Uma crise há muito anunciada

Uma das instituições sociais mais antigas de Sesimbra, erguida em 1971, está a viver momentos de grande aflição, mesmo à beira do colapso. Isto porque as dificuldades e a má gestão têm andado de mãos dadas gerando uma situação de não retorno.

Durante os últimos anos, de acordo com inúmeros relatos, a crise que se instalou na Casa do Povo de Sesimbra foi sendo mascarada por uma gestão autoritária, isolacionista, incapaz de inverter o rumo da situação, negligenciando a atividade da instituição, resultando na perda de utentes, nomeadamente crianças. Ao mesmo tempo, os prejuízos de contas nunca tornadas públicas foram acumulando.

Estas evidências são do conhecimento público e também de muitas autoridades, também elas incapazes de agir, seja por um certo ‘deixar andar’, seja por não terem tutela ou capacidade de intervir, ao abrigo da legislação em vigor, como é o caso das autarquias do concelho. Acresce, que os associados da Casa do Povo foram abandonando o barco, deixando-o à bolina e nas mãos de forasteiros, sem nenhuma ligação ao município.

Este facto podia não ser um problema, caso estes dirigentes fossem competentes e apresentassem resultados. Mas não, antes pelo contrário. O atual presidente da direção, que gere outras instituições congéneres na cidade de Setúbal, foi alvo de processos de investigação no âmbito da mesma atividade corria o ano de 2018. E ficou tudo na mesma. Claro que a presunção de inocência deve ser tida sempre em conta, e tudo o que for mais que isso é de lamentar. Mas em instituições, mesmo privadas, com massa crítica e com órgãos sociais a funcionar em pleno, em que uns fiscalizam os outros, seria impossível chegar-se a este ponto e este esticar da corda.

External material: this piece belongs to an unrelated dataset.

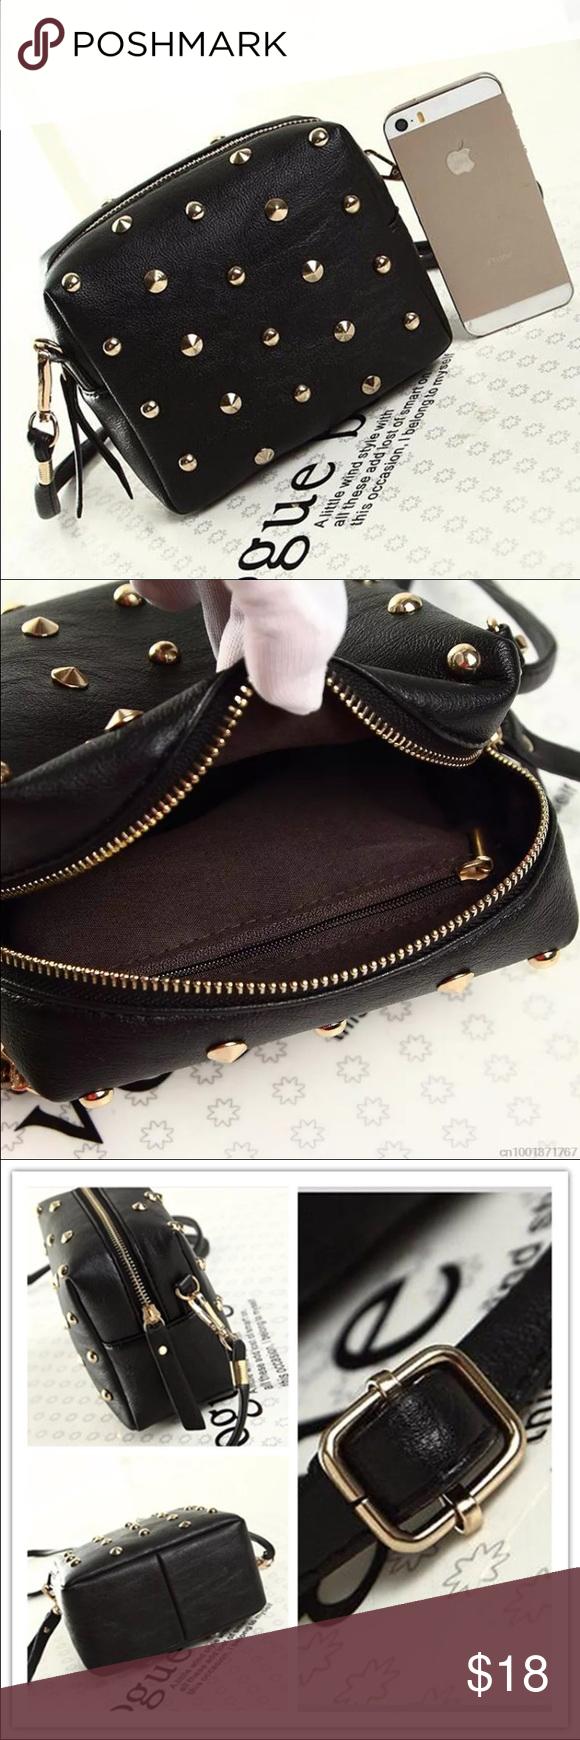 punk mini crossbody bag new with tag Bags Crossbody Bags

É este o denominador deste texto, lembrando o caso Raríssimas, em que, não raramente, algumas figuras pardas se assenhoriam destas casas sociais, geridas com dinheiros públicos, confundindo-se com a própria instituição.

O problema é que agora já nem há tempo de lamber feridas. Que se salve a Casa do Povo de Sesimbra, que se enalteça o trabalho dos laboriosos funcionários que a têm segurado e que se procurem soluções imediatas para os utentes: crianças e idosos.